EXERCISE PROMPT - Taking the data below, please print only the lines from the line holding "Loyalty Club Names" to the line holding "#180 Pros - Cons", inclusive, with pictures omitted.

RECORDS TO PROCESS -
"""

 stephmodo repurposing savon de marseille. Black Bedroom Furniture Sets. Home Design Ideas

"""
"""

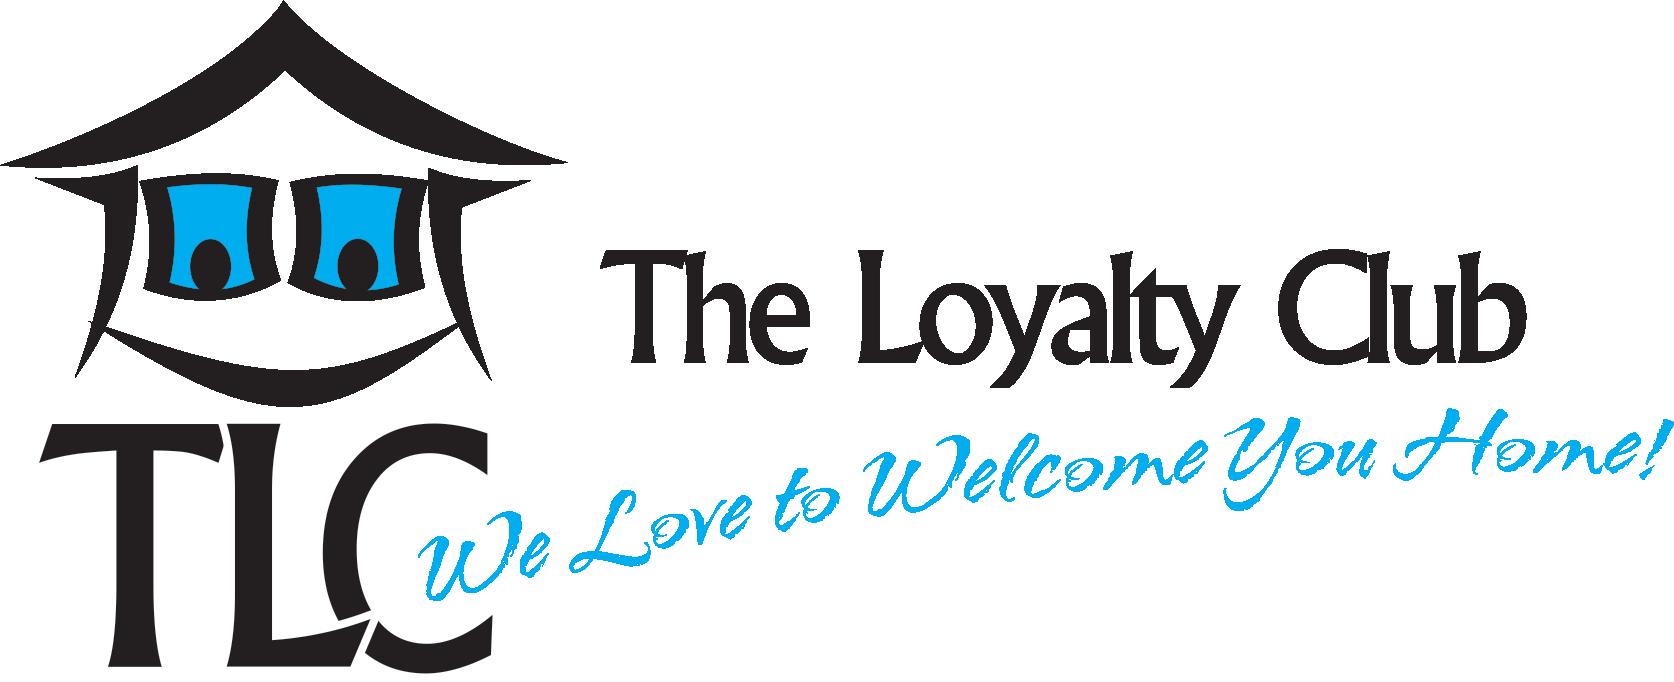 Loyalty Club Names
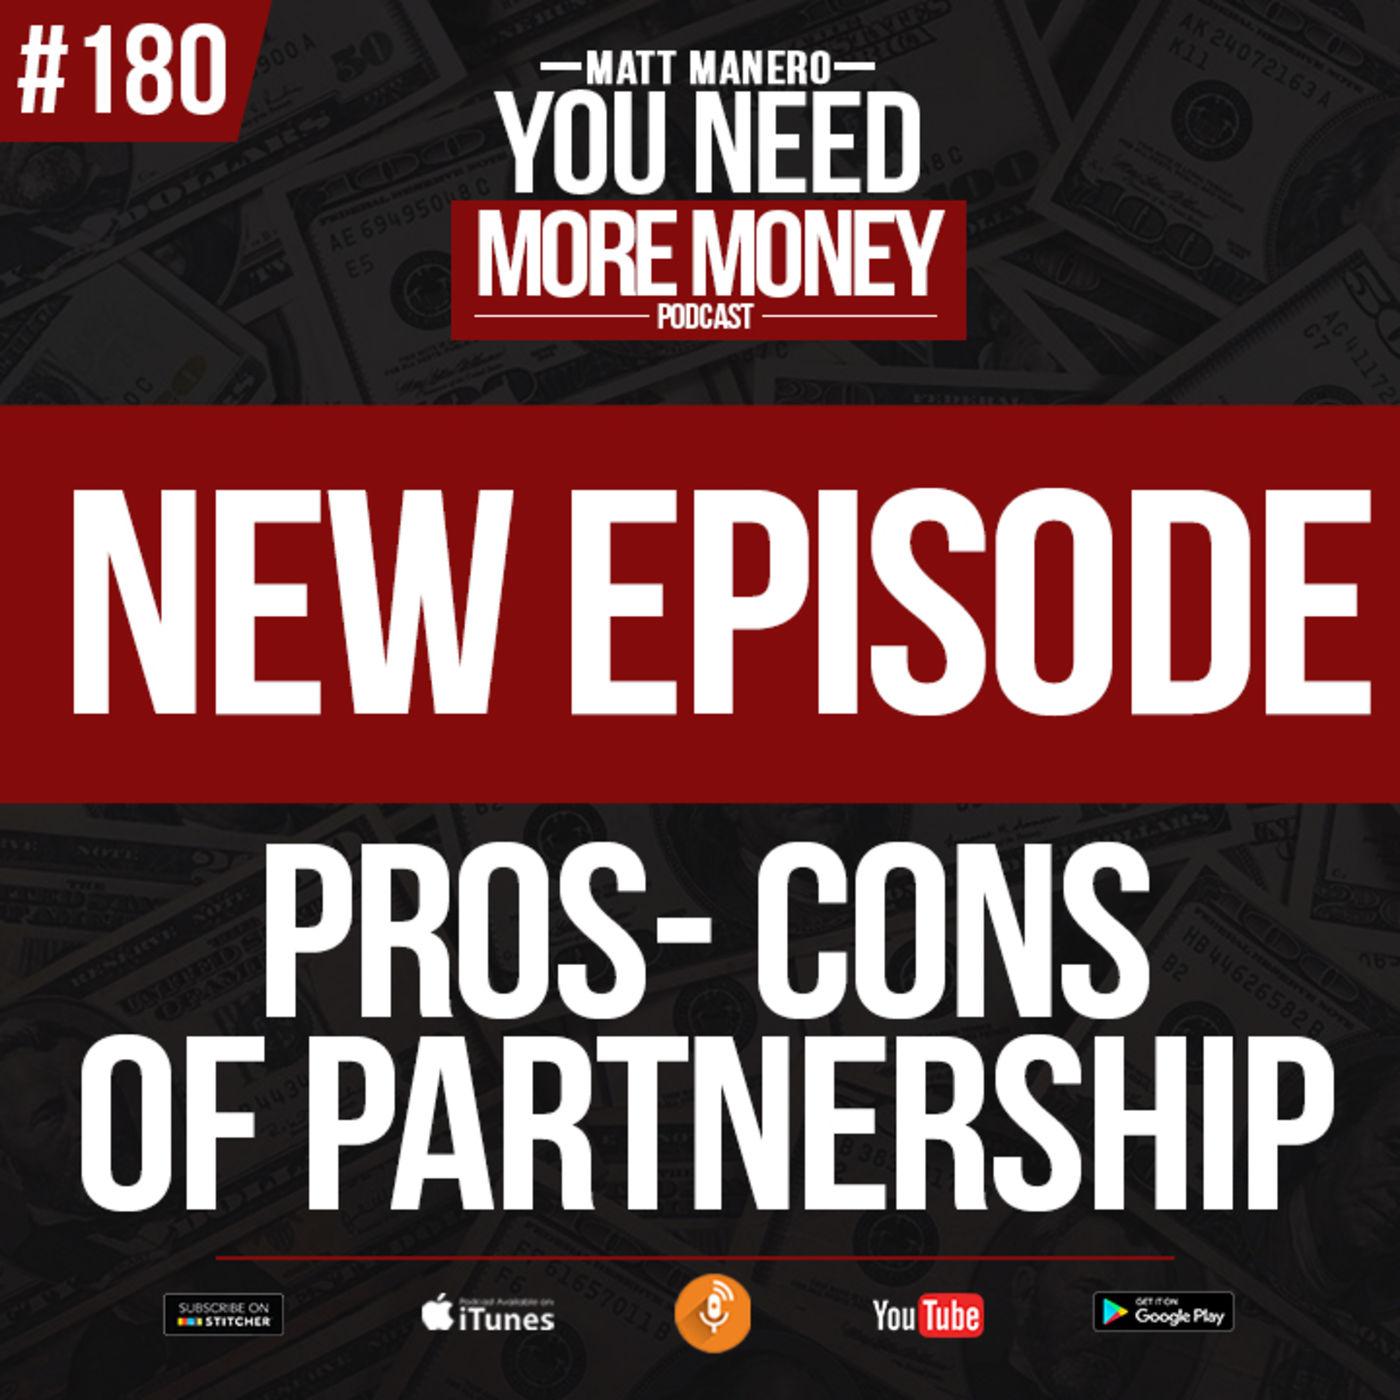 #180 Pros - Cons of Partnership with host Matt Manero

"""

ANSWER TO THE EXERCISE -
 Loyalty Club Names
 #180 Pros - Cons of Partnership with host Matt Manero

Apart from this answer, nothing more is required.